We are well on our way into 2019 – Another year older, wiser maybe fitter or richer?   But what about wine?

 

We love wine, so do you, why does it change each year, what factures come into play?

Gaining a better understanding of what is great and what is not in the wine world is hard and we get questions about this all the time.

One of them is Vintage  – what is it and why does it make a difference?

Lately, we have been asking all our winemakers about Vintage 2019 and how that has panned out, the news across Australia is pretty much, it is tasting better than 2017 out of the barrel so imagine what it’s going to be like when it hits the bottle!

I personally love vintage 2013 better than any other year in between and 1997 was a great year too! There is so much data on weather, climate change (this is a total another blog) and winemaker influence.

I have some of the answers to your questions

What is a Vintage?

A whole year in wine!  It is the year that the fruit was harvested.

It’s not that hard right?

NV  – what the hell??? NV stands for Non – Vintage where the wine (especially sparkling) has a few different years of harvested fruit!

 

What makes a ‘great’ vintage?

There are many factors to make a great vintage.  Really what you want is a perfect climate.

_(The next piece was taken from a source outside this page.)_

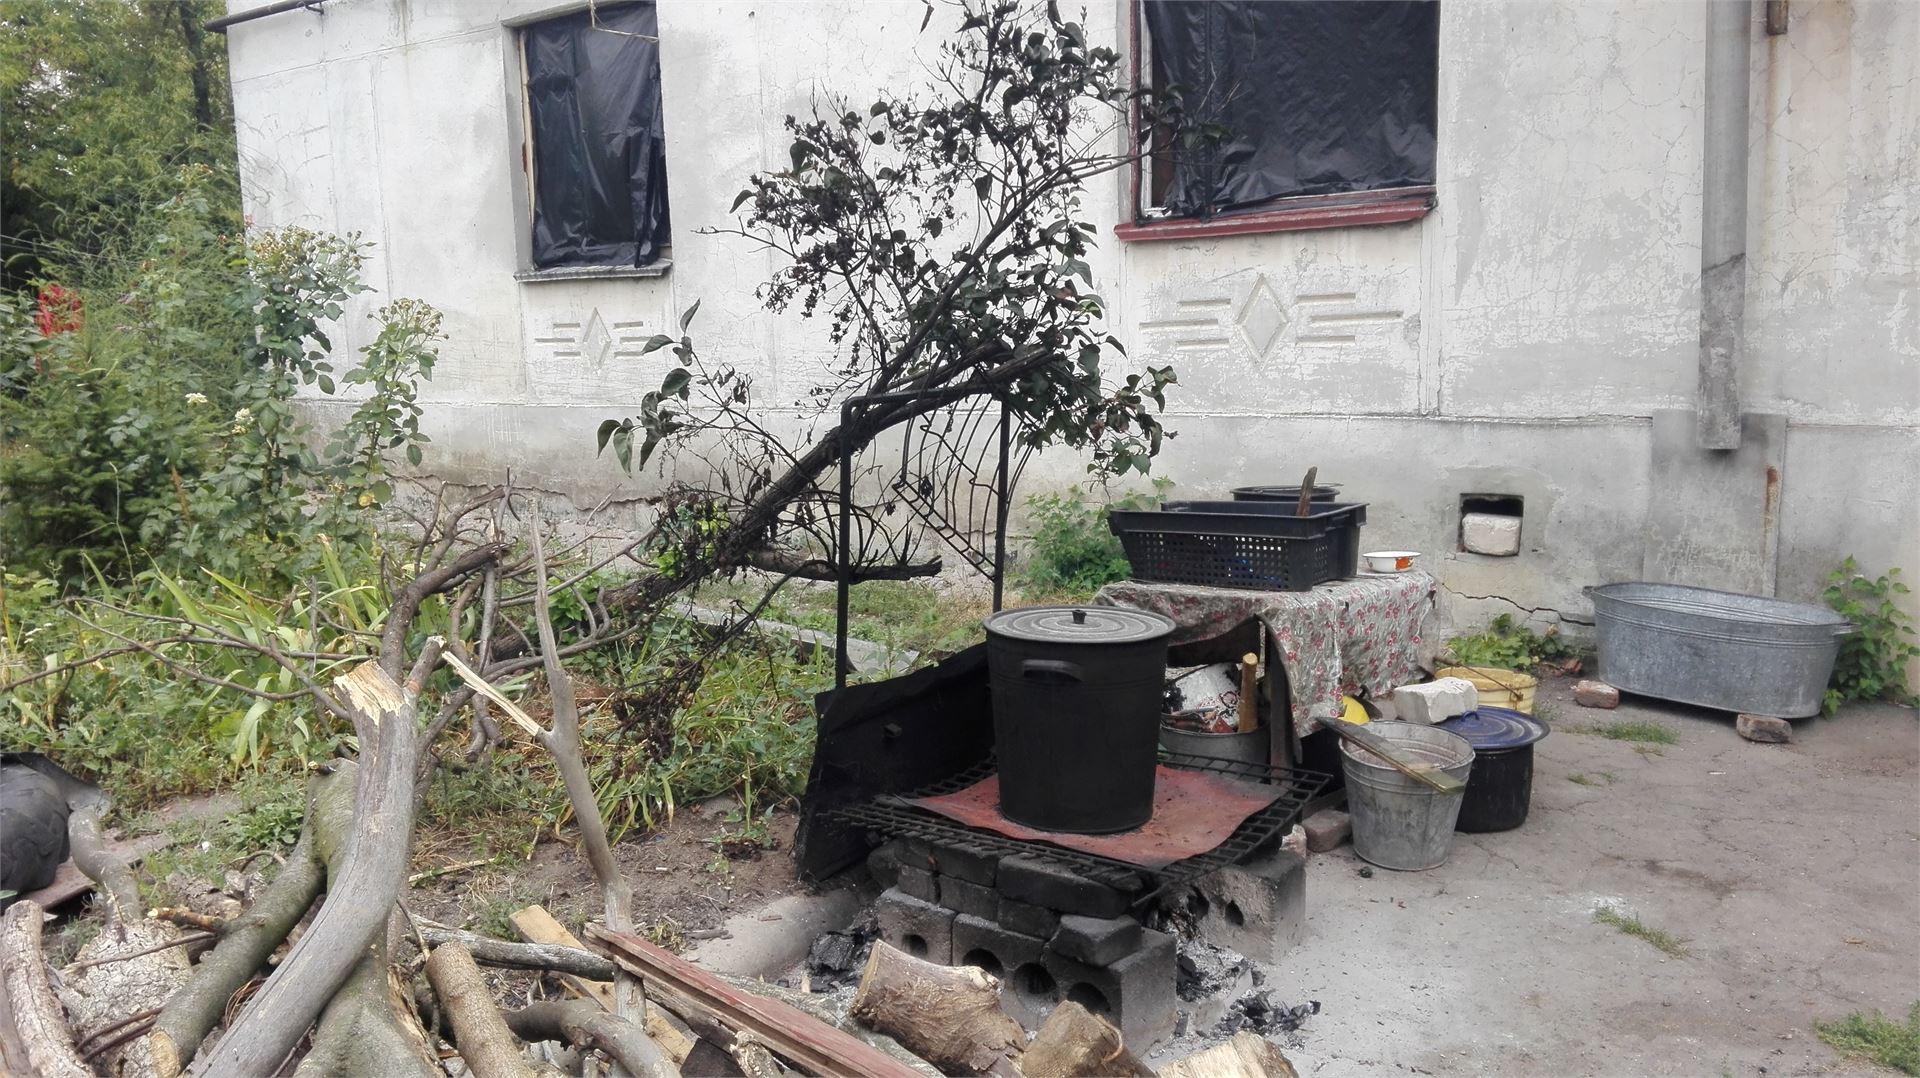 Кухня во дворе дома. Газа нет.

That is;

  • Sunshine
  • The right amount of rain (so no reticulation is needed)
  • Early and rapid flowering
  • Complete maturity of grapes with no signs of fungi

From this, we can say that a wine’s vintage can affect the flavour and characteristics of the wine.  If the weather conditions lead to early rain and fungi the whole crop could be a disaster for the winery. Great weather can be juicier and more flavoursome.

Though, just because one region has a great crop does not mean the whole of Australia will. There are microclimates and they all have very different weather systems.

Let’s take two popular grapes as an example: Riesling and Cabernet Sauvignon. Riesling is a grape which produces the best wines when it is exposed to warm, sunny days, and chilly nights (like Clare Valley or Great Southern, WA). Cabernet Sauvignon, on the other hand, loves hot, dry climates with loads of sunshine.

 

What does Vintage do to the taste of my wine?

Every year your wine should taste different. We encourage you to cellar one of your favourite wine’s each year so you can do a ‘vertical tasting’

A vertical tasting is different vintages of the same wine type from the same winery.

Each year the wine will change in characteristics as an effect of the climate and winemakers influence.

Personally, we love when a new vintage is released, picking the differences and just seeing the new life in the bottle.  There have been times though that we have loved the previous vintage and not stocked the new vintage. There are also times that winemakers refuse to make wines in a year if they are not proud of their product.

 

If You’re Collecting Wines:

For collectors and investors, vintage really does matter. The reason for this is due to the fact that the best vintage years produce wines with plenty of tannins and acidity… and that means they’re going to age much more effectively.

 

When Vintage doesn’t matter as much?

When you will be consuming the bottle pretty much straight away 😊

When buying cheaper wine from big producers.

As you have probably heard me bang on about – if you buy from the big guys and it’s cheap – you get what you get!  Aerate it, it can’t get any worse 😊

 

At the end of the day – if you like it drink it!